I mentioned earlier that it had been pointed out to me that M had trouble handling slants and stunts. So what does that mean and how does a defense do that? Probably the best description of this is at the link below (Neck Sharpies by Seth). Cliff notes;

AF's 3-4 defense was based on slanting a pair of DL in the hopes of filling gaps in the inside run game. They also brought LBs up to fill the gaps left by the slanting pair of DL, keeping one S back and another one a few yards off the LOS. This routinely puts 8-9 defenders in the box. The AF D sniffed out where the ball was going on the inside run game based on the make-up of the OL (film study and extremely well coached). M can run against this if the offensive play is properly executed and the D guess wrong on where to slant (see below) so, it's not correct to say that "why run the ball when there are 9 guys in the box - audible into something else!!!")

One of Isaac's big runs where he faked inside and bounced outside behind Cole (the one where he stepped out of bounds while running for a TD) was a designed constraint that was superbly executed against a slanting AF DL (the wrong way) and a fake misdirection route that drew a S out of the box by McDoom. (See the video).

People ask, "how does M fix that their OL doesn't handle slants and stunts very well"? When a defense does this as well as AF did, it's hard. It's clear to me that they were very good at it and as well guessed right more times than they guessed wrong in those gaps. When they did guess wrong, and it happened way more than once, a big play ensues .... or as the case might have been the RB missed the open gap.

Play calling and RBs hitting the open gap (the one created with a DL pair slanting the wrong way) fixes it more than anything and the one constraint that gave Isaac a free run up the play-side sideline that I described above is one of them. You have to RPS this stuff with the right offensive play call and all it takes is a couple of those to win a ball game......

M had at least three (Higdon to close out the game, and probably two, maybe more, by Isaac one called back, one of those by questionable/tacky defensive holding penalty. Evans had one where the AF slant went the wrong way (play went to the L on the boundary or short side; slant went R).

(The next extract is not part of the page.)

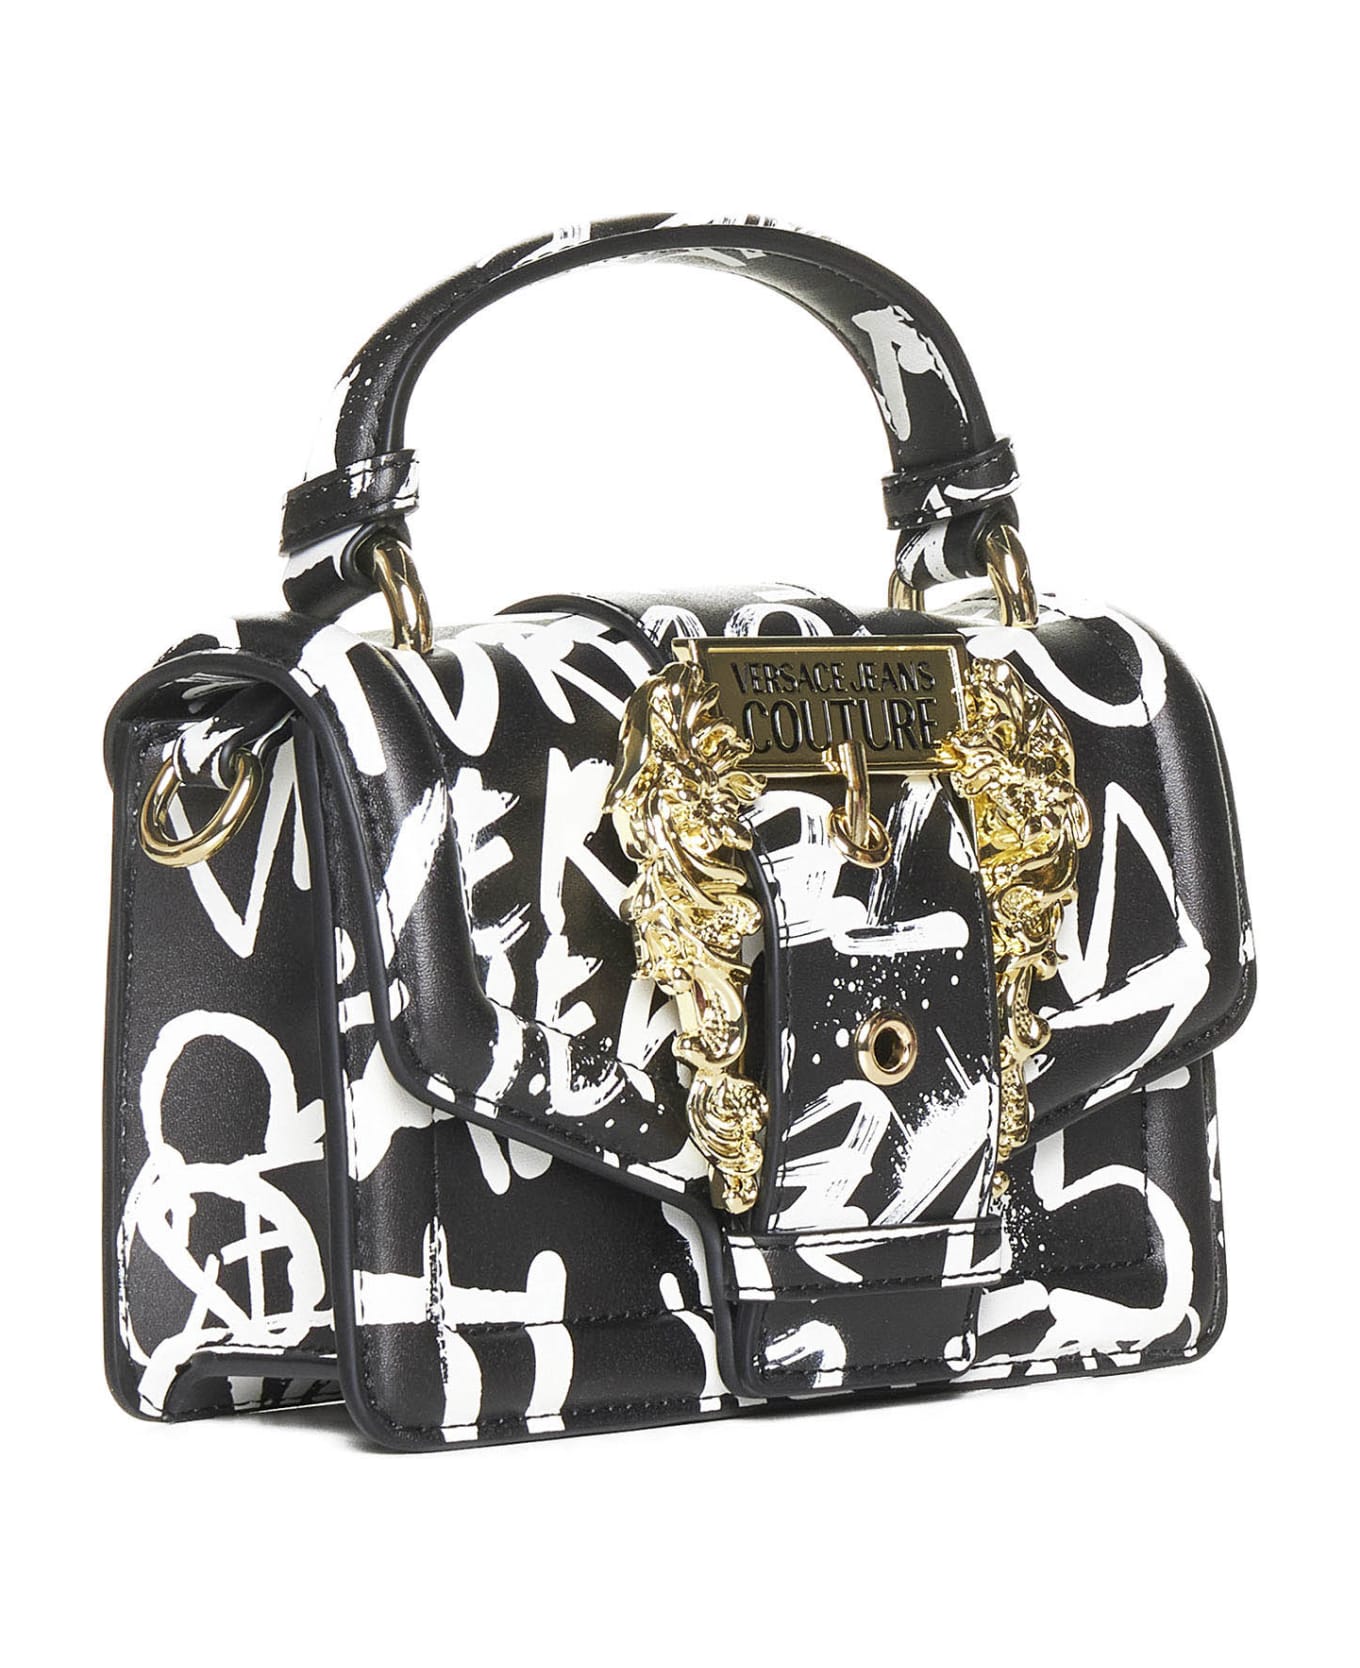 Versace Jeans Couture Logo Graffiti Handbag - Black white トートバッグ

He got over 10 yards before fumbling.

When you get into the nuts and bolts of Oline versus Dline, the chess game being played between OC and DC, the backs running the right way, is utterly fascinating. When you look at this stuff the way coaches look at post game film, you tend not to be so hard on the guys in the trenches, at least I do. You can also understand why Harbugh likes "where the team is right now."
On Harbaugh's expectations for M football in 2015 (NFL NETWORK): “We'd rather be about it than talk about it."